Just to clarify a couple of points about the June 20 pickets that shut
down the SSA terminal at the Port of Oakland for 24 hours:

1) On Tuesday, June 8, the ILWU Exec. Bd. passed the resolution that
is mentioned below. On Thurs., June 10 there was meeting called on
24-hours notice and attended by representatives of the Palestinian
community in the Bay Area, the Transport Workers Solidarity Cmte,
ANSWER Coalition and other organizations to form the Labor/Community
Committee in Solidarity with the Palestinian People. The
Labor/Community Committee was the sponsor of the June 20 picket lines
at the Port of Oakland. Many, many organizations endorsed.

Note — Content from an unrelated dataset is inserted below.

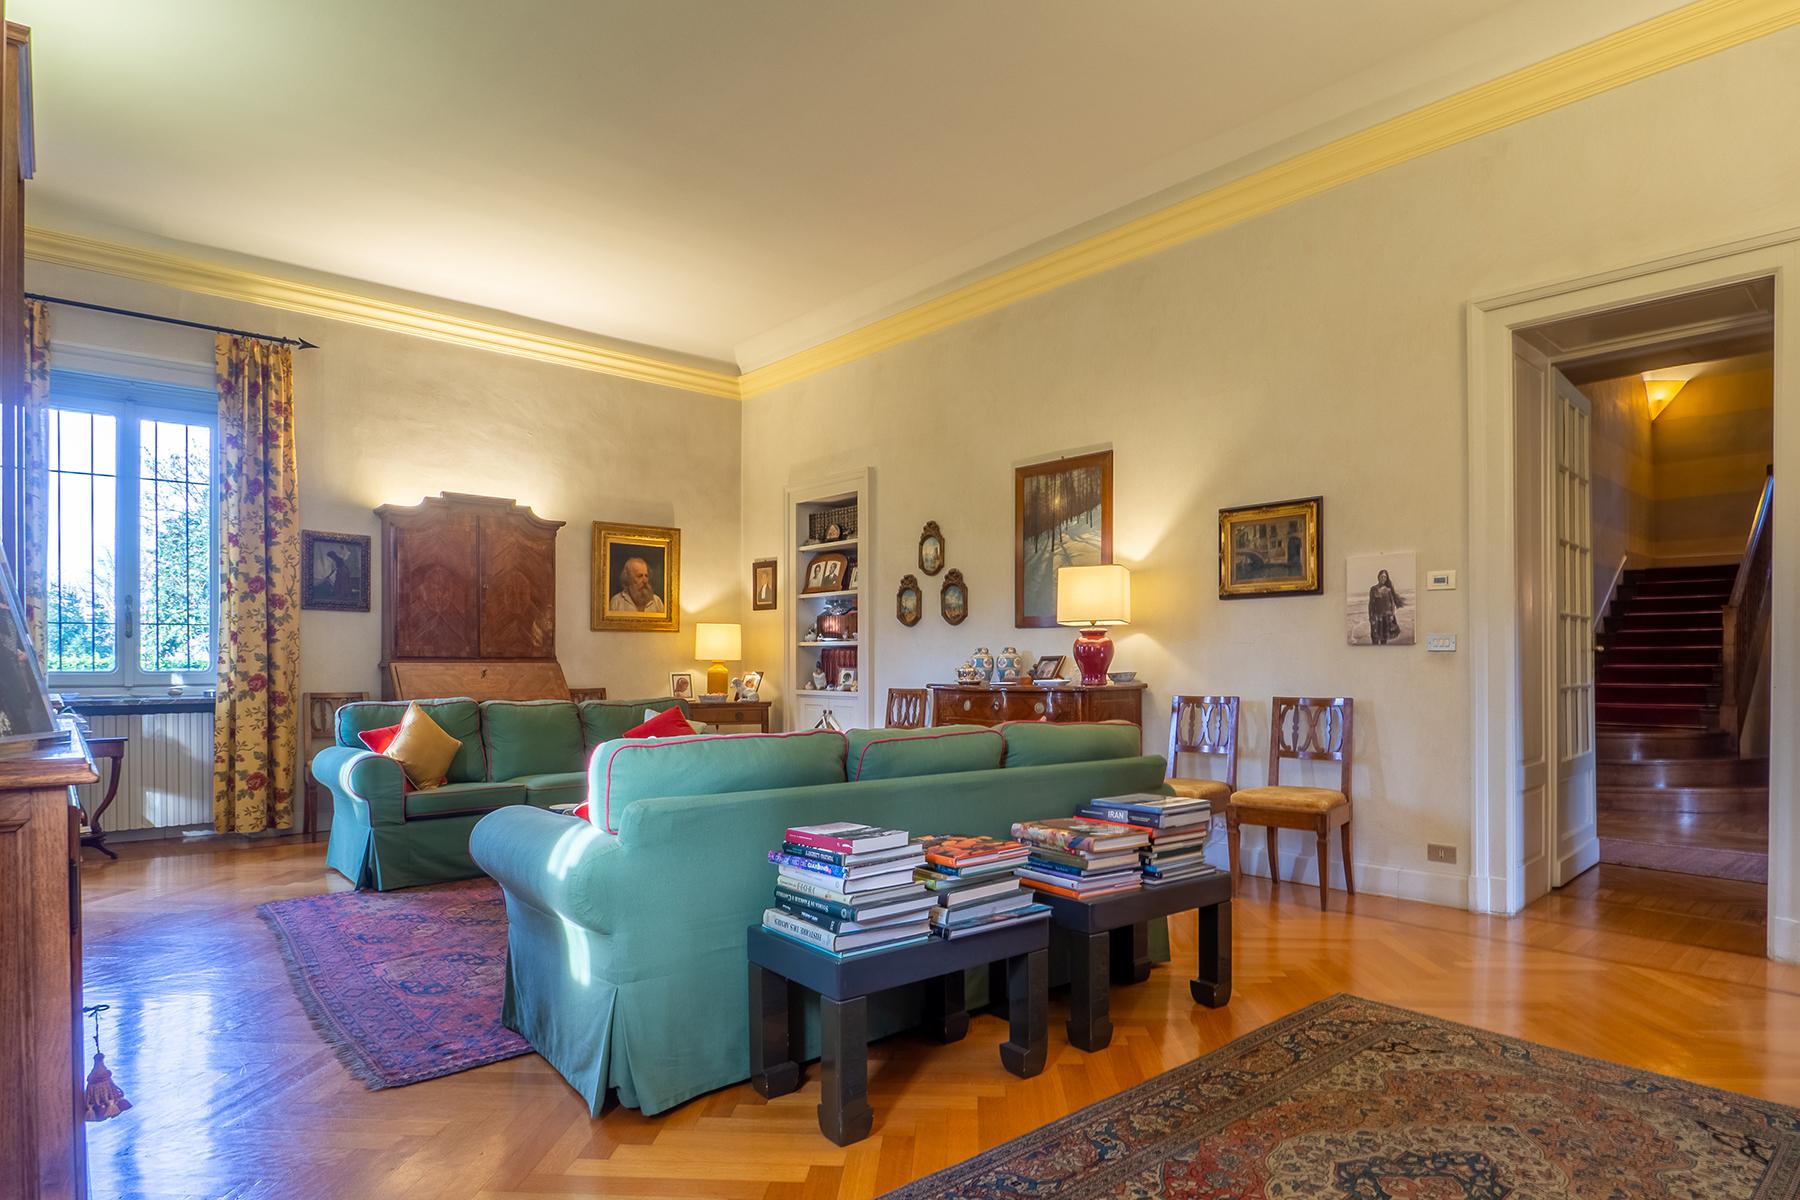 Exquisite villa with swimming pool in the hill of Turin - 8

ANSWER did play a major role in the action. But it should be noted that
it was kicked off by the Transport Workers Solidarity Committee , a
Multi-Union Rank and file (and for this website's information...a non-sectarian) committee. After we decided to launch the effort Local 10 passed a motion condemning the attack on the Flotilla, called for an end to the blockade and praised the (then) up coming Swedish dockers
union action . Also various Labor councils passed similar motions ,
albeit with language weaker than the #10 resolution. This was followed by two Public meetings where numerous groups were represented.

Jun 30 2010 04:35

fascinating posts.
re: joe ryan, i'm only just finishing 'dark harbor' about the writing of the articles by malcolm johnson that became 'on the waterfront'. the book is mainstream journalism and not history, and mentions bridges only briefly as a red and a foil for the jingo ryan, but still ... coincidence.